DATA BLOCK:
....
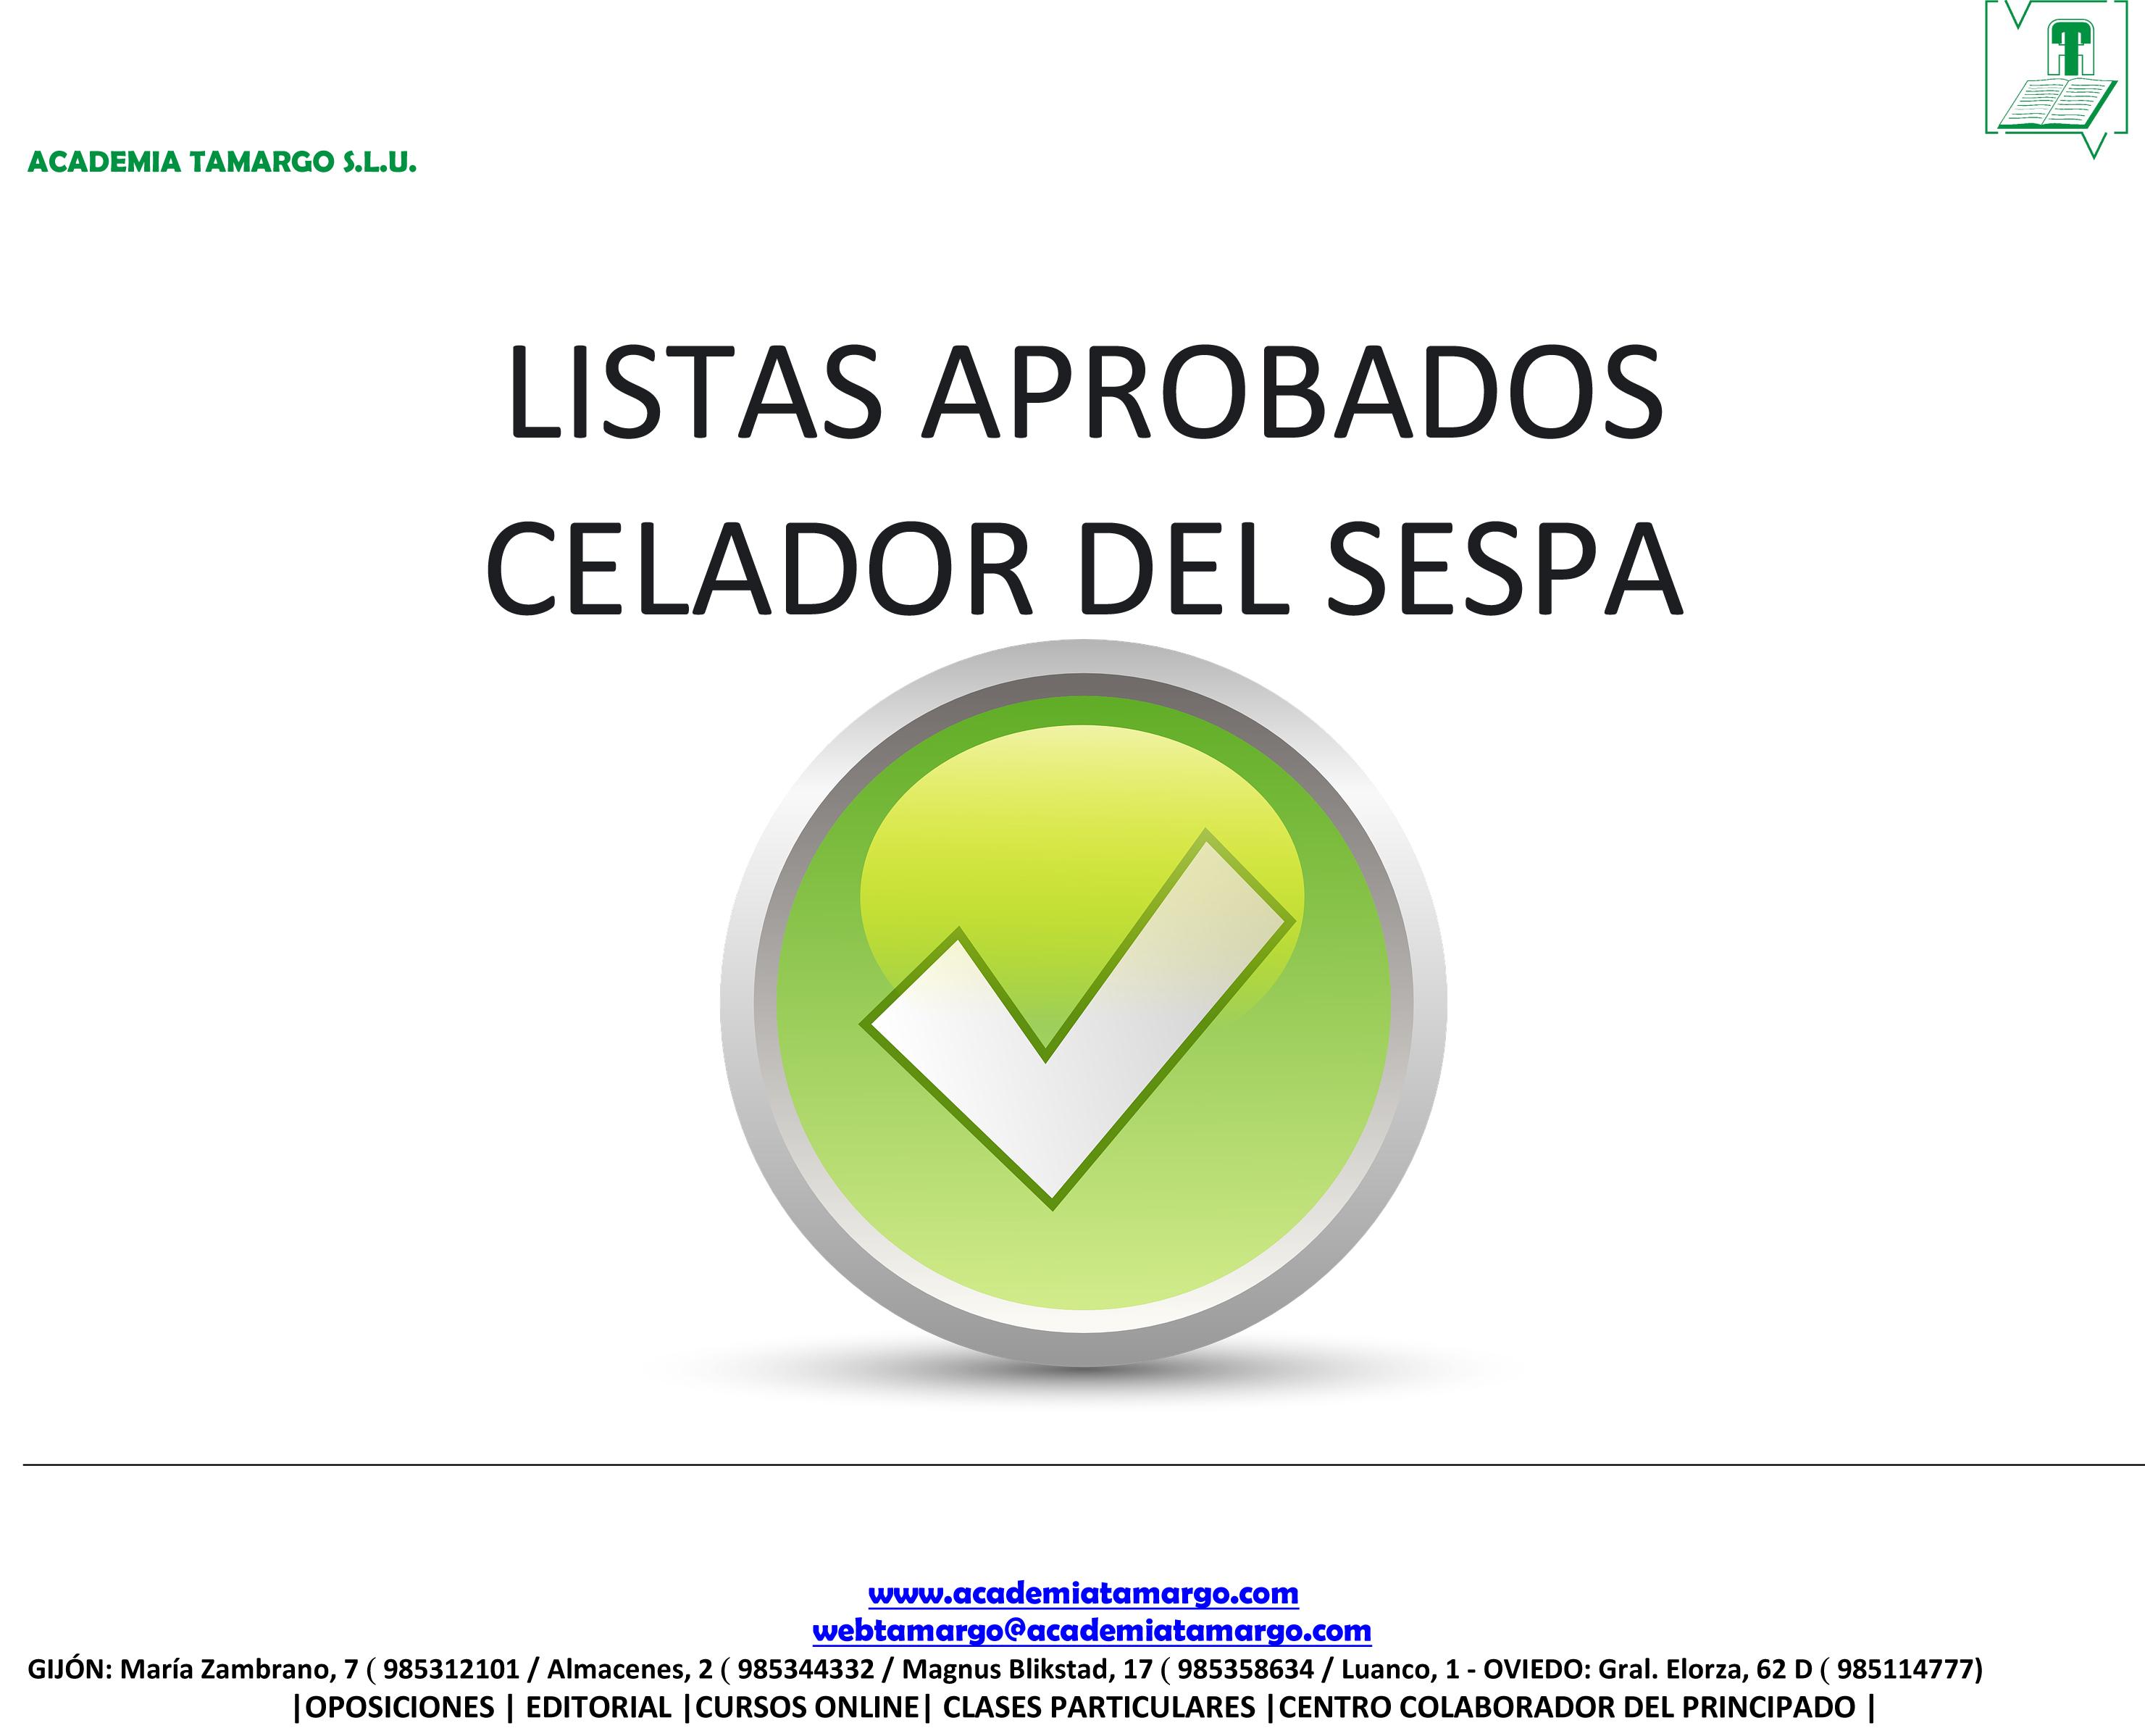 Microsoft Word – LISTAS APROBADOS CELADOR SESPA.docx
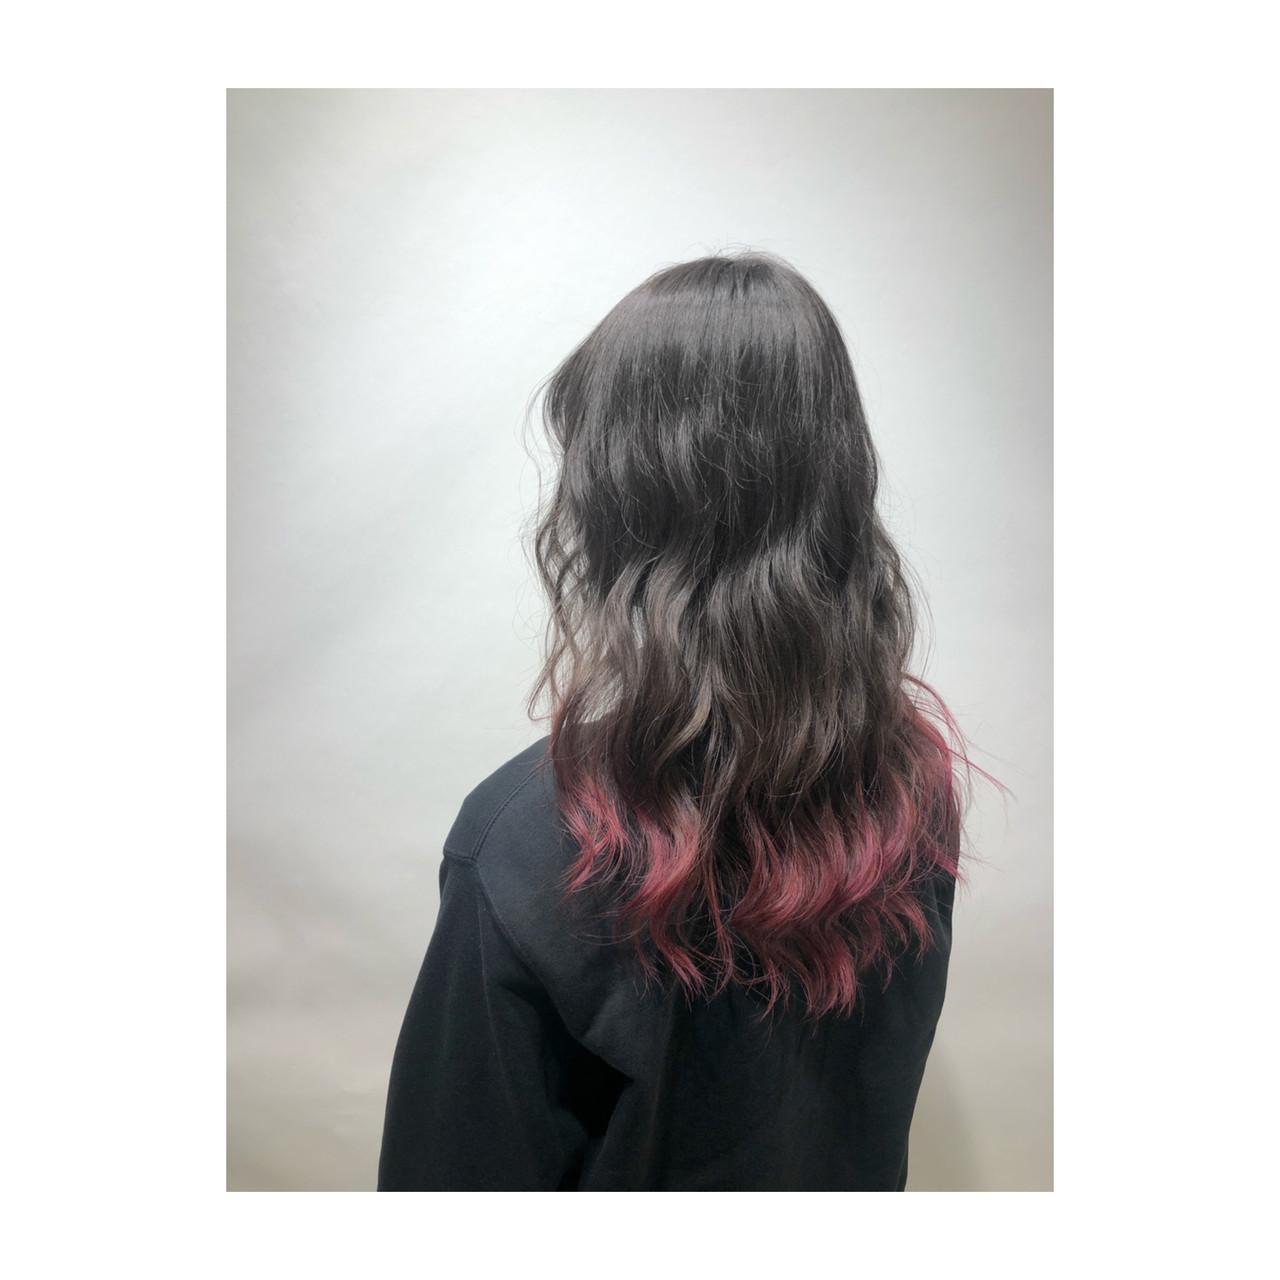 セミロング ラベンダーピンク ピンクバイオレット フェミニン ヘアスタイルや髪型の写真・画像
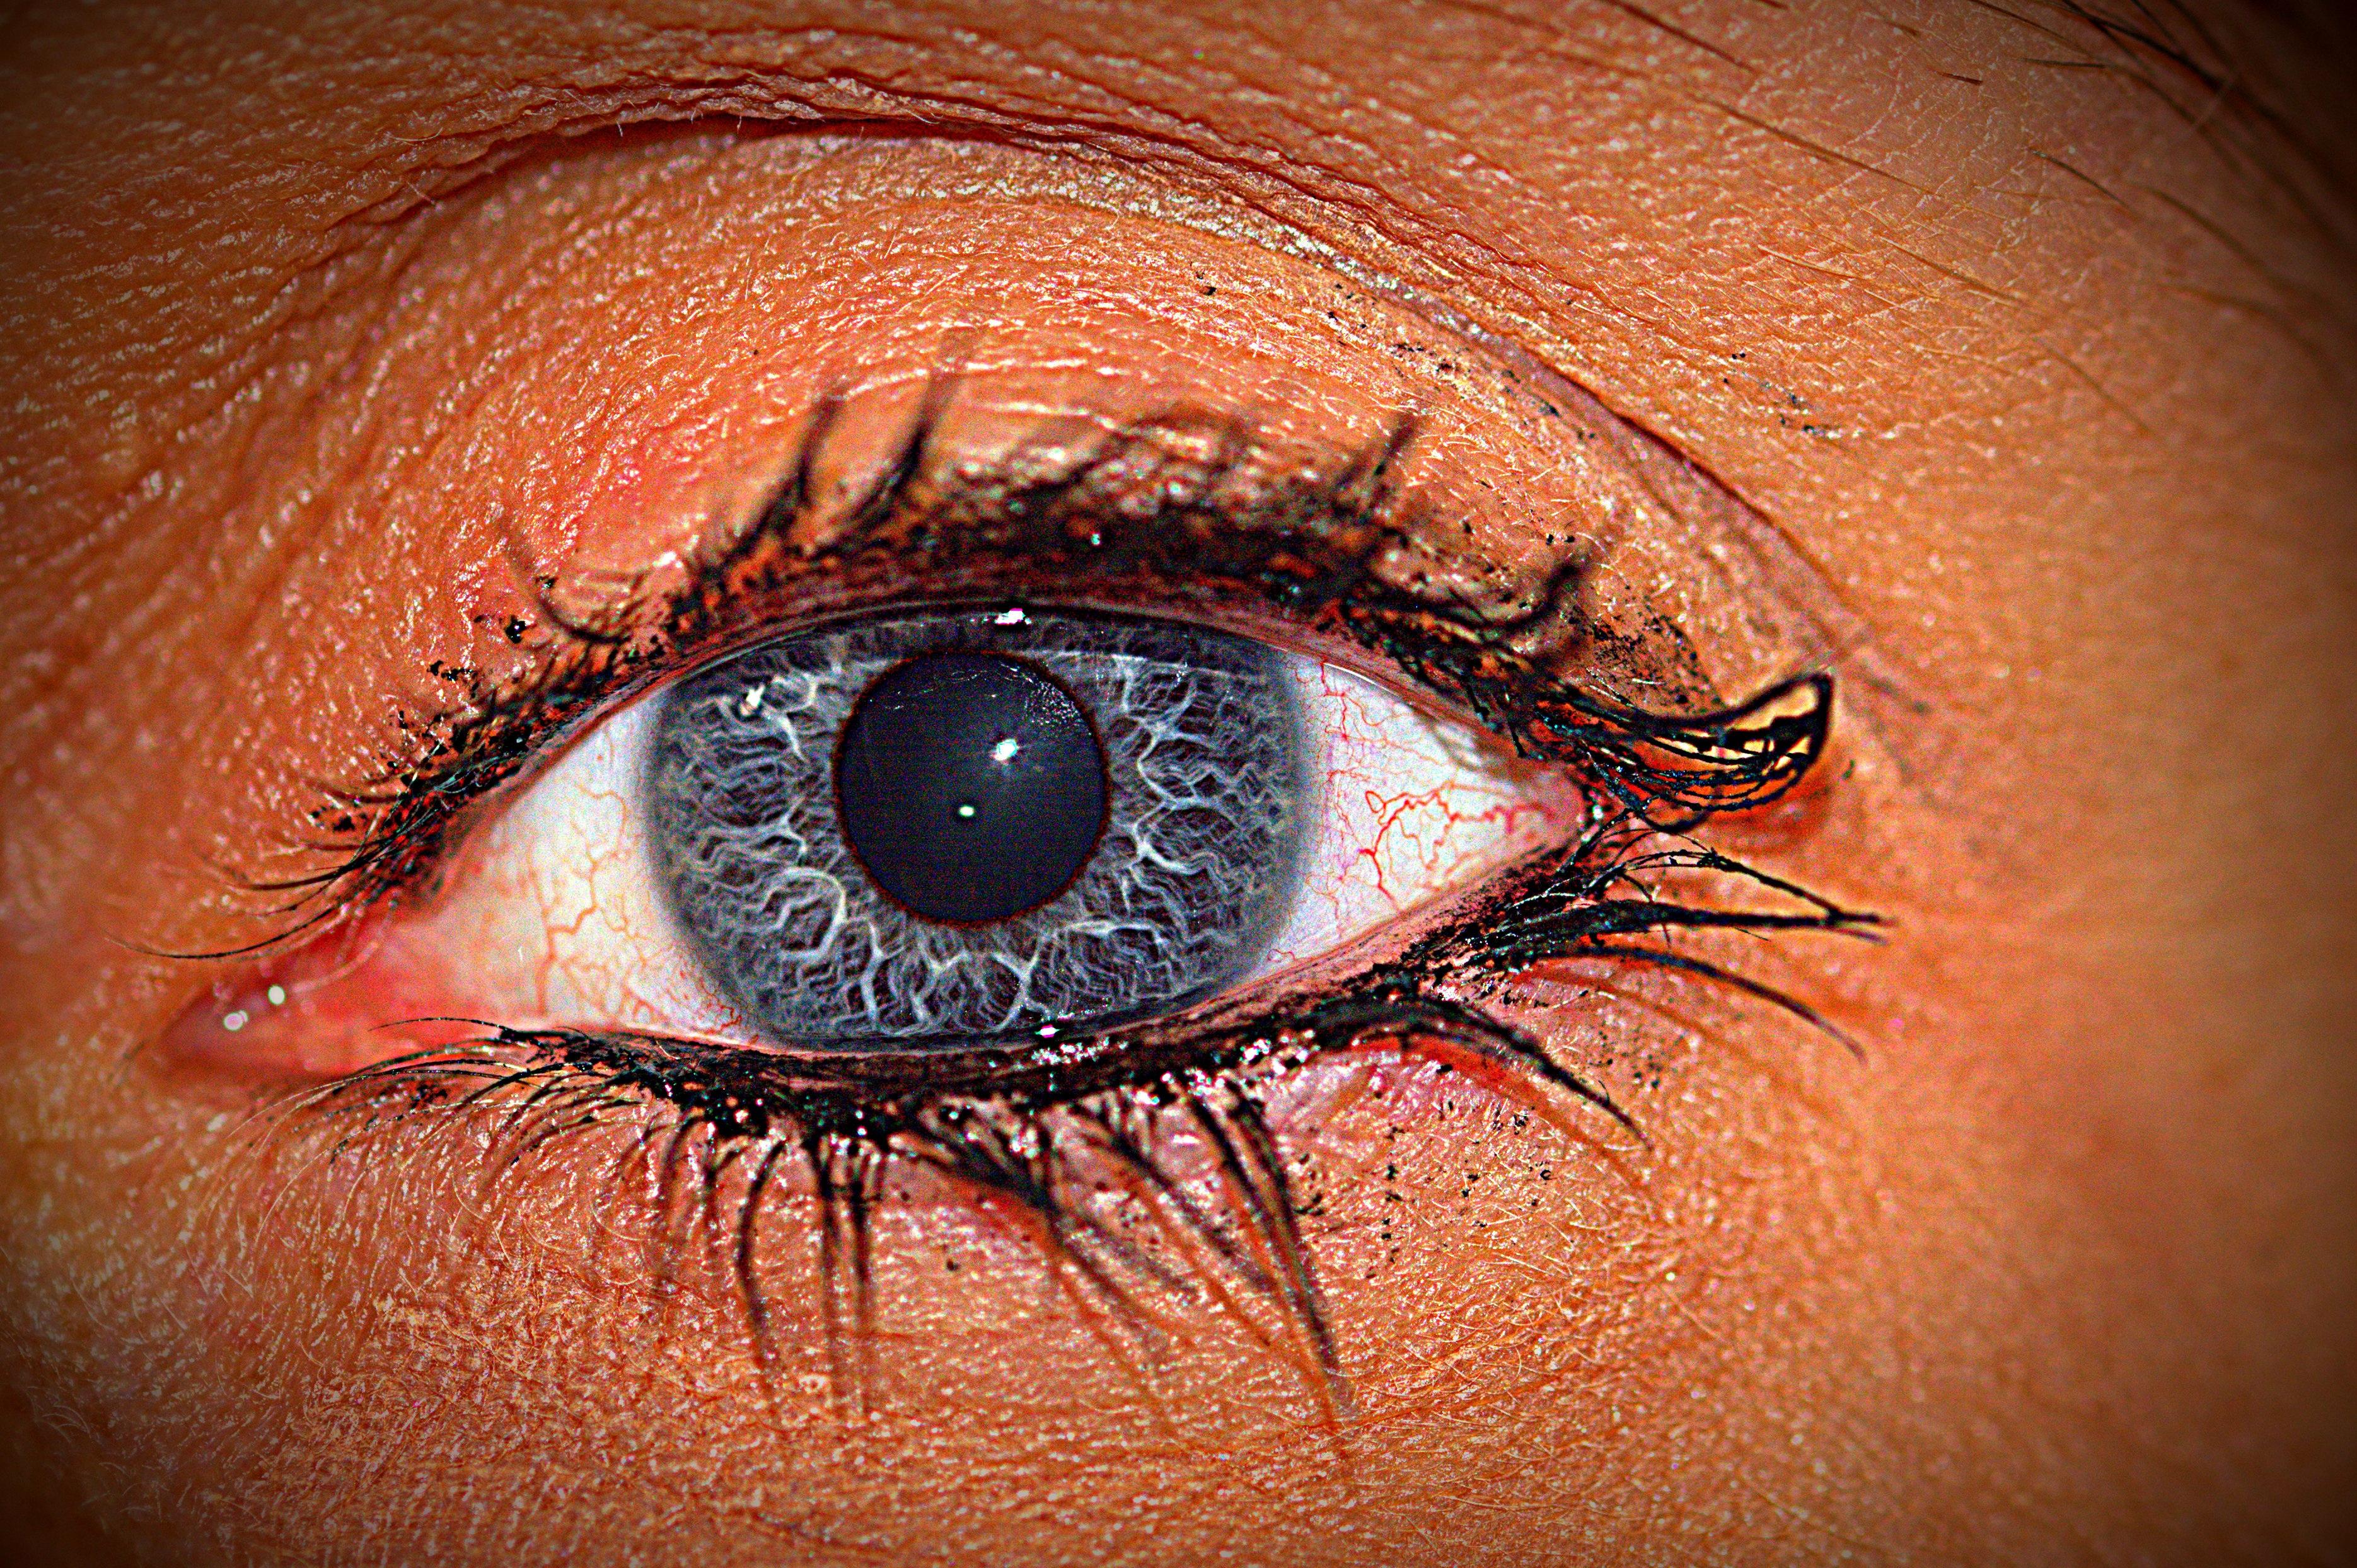 Kostenlose foto : Aussicht, blau, schließen, Lippe, Augenbraue, Mund ...
....
ASSIGNMENT: Without the pictures, repeat the listing above exactly.

TASK OUTPUT:
 Microsoft Word – LISTAS APROBADOS CELADOR SESPA.docx
 セミロング ラベンダーピンク ピンクバイオレット フェミニン ヘアスタイルや髪型の写真・画像
 Kostenlose foto : Aussicht, blau, schließen, Lippe, Augenbraue, Mund ...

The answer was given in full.